<<<<
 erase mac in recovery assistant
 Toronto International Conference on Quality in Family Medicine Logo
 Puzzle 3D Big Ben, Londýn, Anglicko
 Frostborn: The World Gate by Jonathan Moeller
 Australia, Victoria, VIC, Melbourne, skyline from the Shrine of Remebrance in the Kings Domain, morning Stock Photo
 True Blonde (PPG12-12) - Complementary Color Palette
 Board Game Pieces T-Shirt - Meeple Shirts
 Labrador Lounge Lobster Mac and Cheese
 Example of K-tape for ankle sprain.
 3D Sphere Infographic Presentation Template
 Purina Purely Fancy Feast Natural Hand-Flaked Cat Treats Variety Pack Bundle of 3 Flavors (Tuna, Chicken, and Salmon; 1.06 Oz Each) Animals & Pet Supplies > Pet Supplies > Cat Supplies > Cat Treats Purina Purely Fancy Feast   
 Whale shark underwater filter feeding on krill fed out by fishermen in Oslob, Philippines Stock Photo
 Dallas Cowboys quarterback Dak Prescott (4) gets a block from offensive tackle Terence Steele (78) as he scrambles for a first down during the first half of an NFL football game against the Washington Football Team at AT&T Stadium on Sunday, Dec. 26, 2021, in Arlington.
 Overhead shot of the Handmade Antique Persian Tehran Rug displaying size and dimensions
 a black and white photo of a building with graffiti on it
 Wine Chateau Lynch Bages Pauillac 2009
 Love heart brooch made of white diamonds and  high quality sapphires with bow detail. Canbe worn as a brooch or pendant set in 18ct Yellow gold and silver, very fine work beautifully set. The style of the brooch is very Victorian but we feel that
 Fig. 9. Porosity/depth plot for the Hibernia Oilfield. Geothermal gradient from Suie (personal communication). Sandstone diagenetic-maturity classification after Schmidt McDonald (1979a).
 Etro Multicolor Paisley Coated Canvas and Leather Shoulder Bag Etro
>>>>
[Aim of the exercise]:
Looking at each line of the material above, tally those that hold the string "from" and give only the total.

[Solution to this problem]:
3